April 2021 is turning out to be a rollercoaster ride of a month when it comes to cybersecurity!
In what can only be called a shocking revelation, it has been found out that Domino’s India has become the latest victim of a massive data leak.
On Sunday, a cybersecurity researcher reported that the credit card details of a whopping 10 lakh individuals who made online purchases on Domino’s Pizza are being sold on a dark web hacking forum for over Rs 4 crores ($550,000)!

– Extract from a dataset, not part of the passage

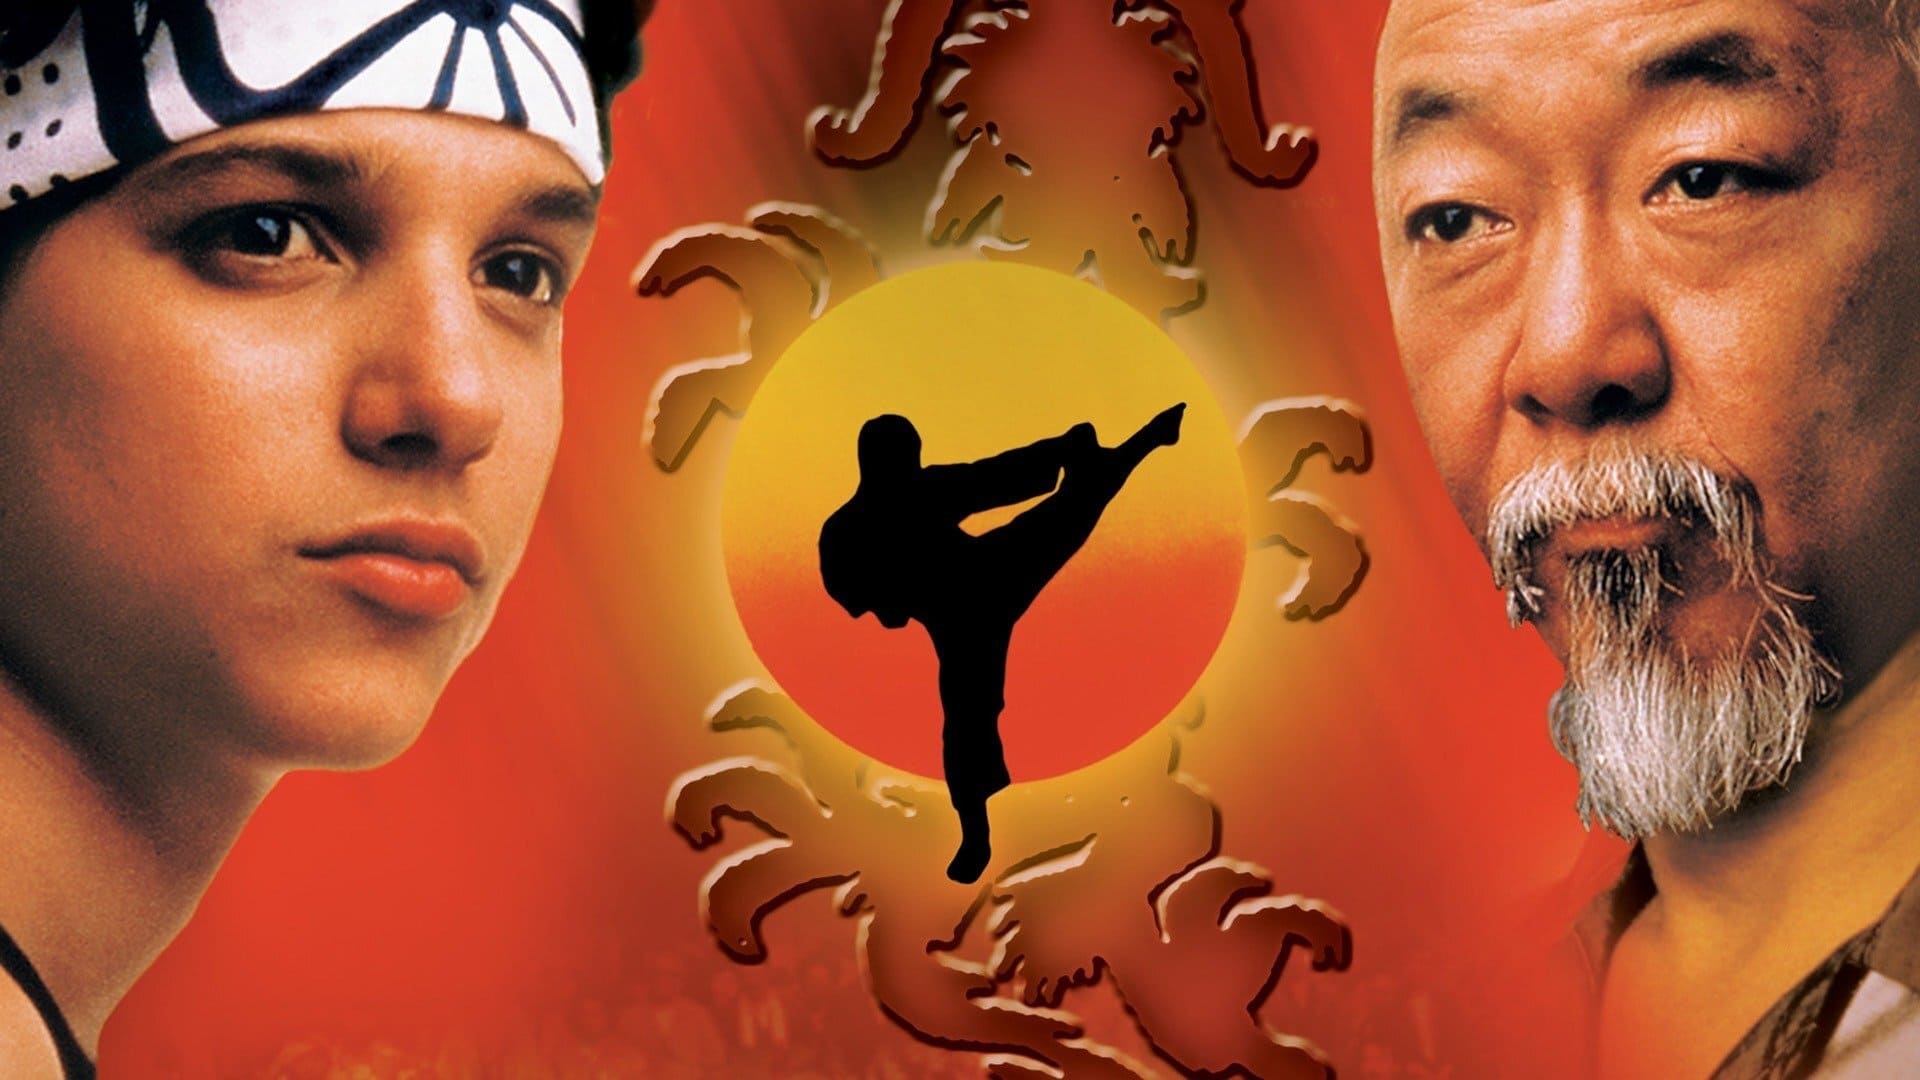 The Karate Kid Part II
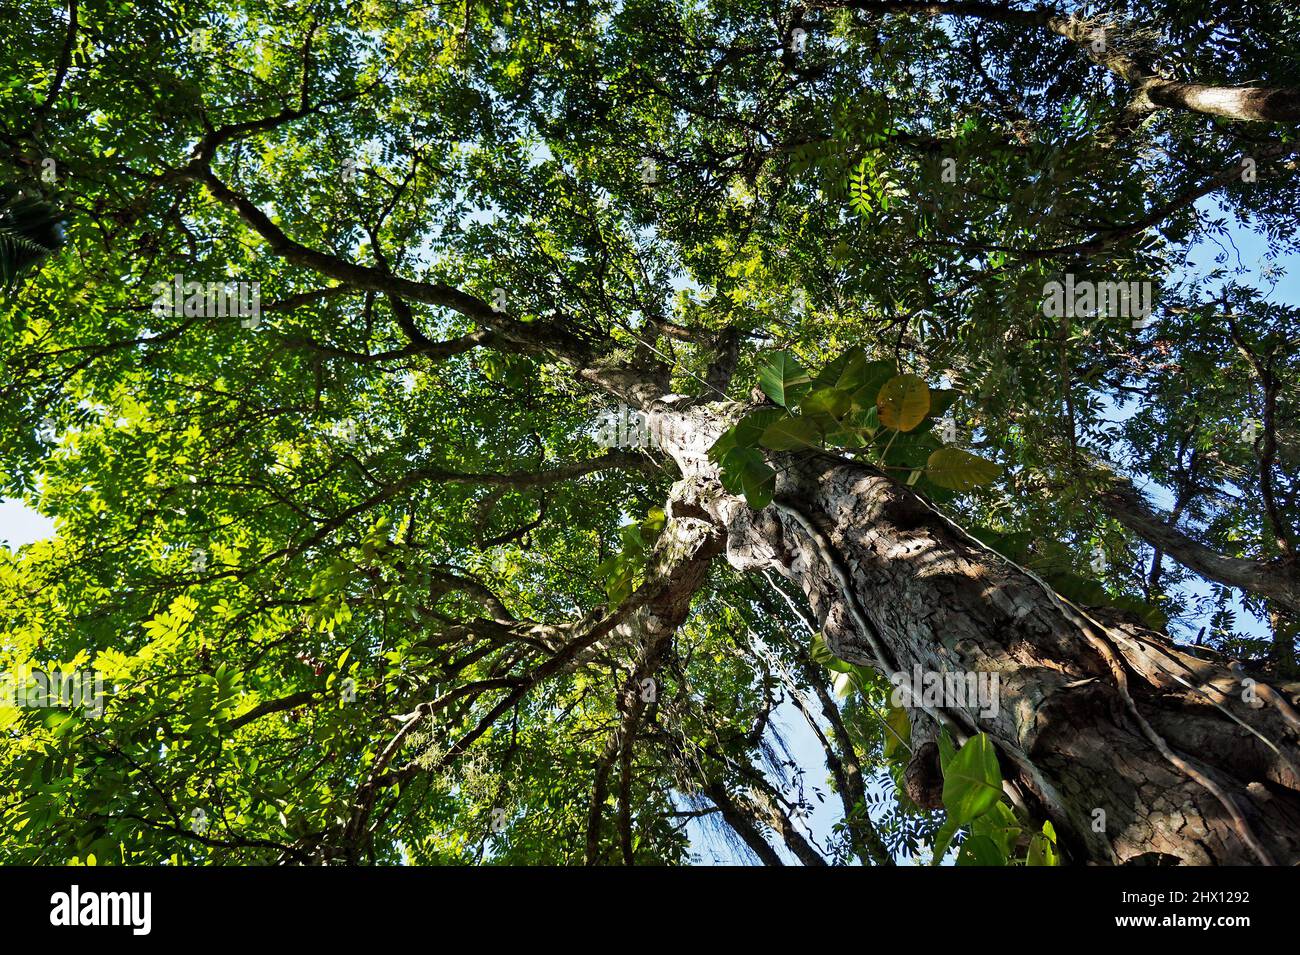 Crabwood tree or Andiroba tree (Carapa guianensis) Stock Photo

The security researcher Alon Gal, CTO of Hudson Rock, a security firm, also revealed that the threat actor has claimed to possess a 13TB worth hacked Domino’s India database. Gal mentioned that the hacker is looking to mint close to $550,000 from selling the database and has plans to build a search portal that will enable accessing and querying the data with ease.
Gal, in a tweet, wrote that the list of breached information includes data points from 1,80,000,000 order details. The orders had full names, phone numbers, email, physical addresses, and 1,000,000 credit card details attached to them.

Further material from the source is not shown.